= SUPPLIED MATERIAL =
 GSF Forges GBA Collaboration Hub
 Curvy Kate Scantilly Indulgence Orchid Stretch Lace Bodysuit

---

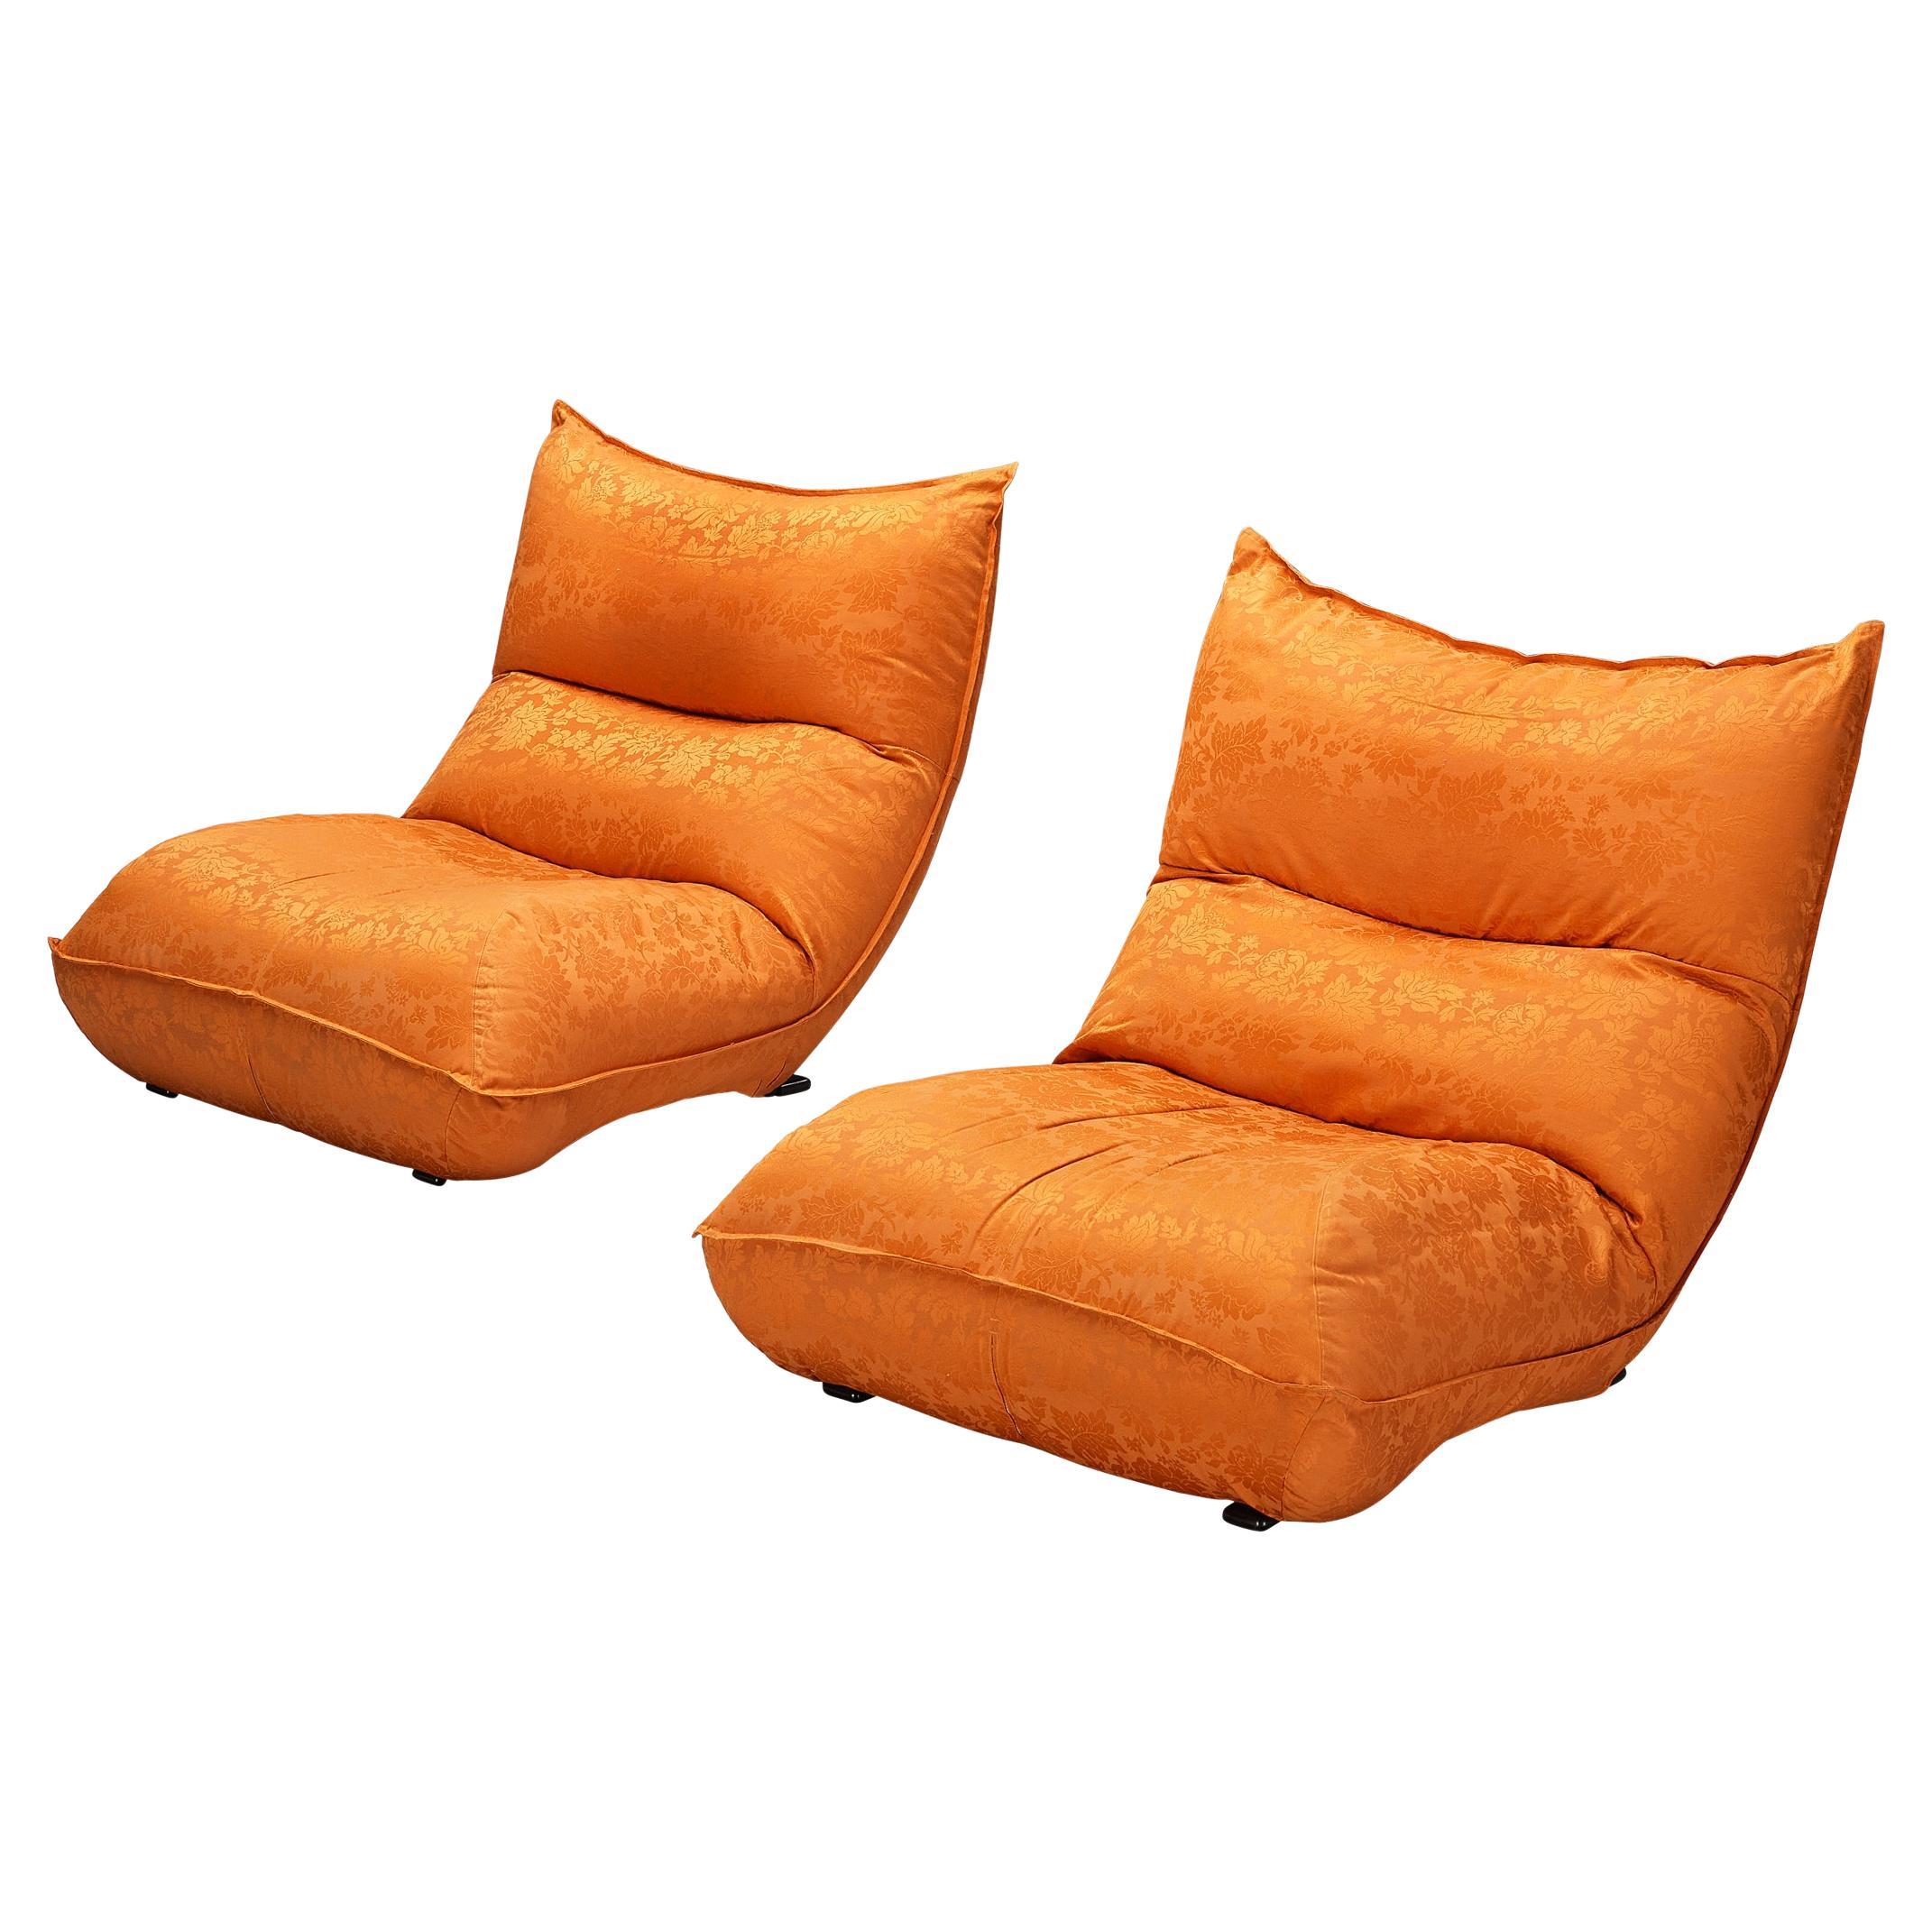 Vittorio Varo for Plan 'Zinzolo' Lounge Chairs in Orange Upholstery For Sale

= YOUR GOAL =
Please give back exactly the lines of this listing beginning at the line with "GSF Forges GBA Collaboration Hub" and ending with the line with "Curvy Kate Scantilly", both included, and nothing else.

= RESPONSE AREA =
 GSF Forges GBA Collaboration Hub
 Curvy Kate Scantilly Indulgence Orchid Stretch Lace Bodysuit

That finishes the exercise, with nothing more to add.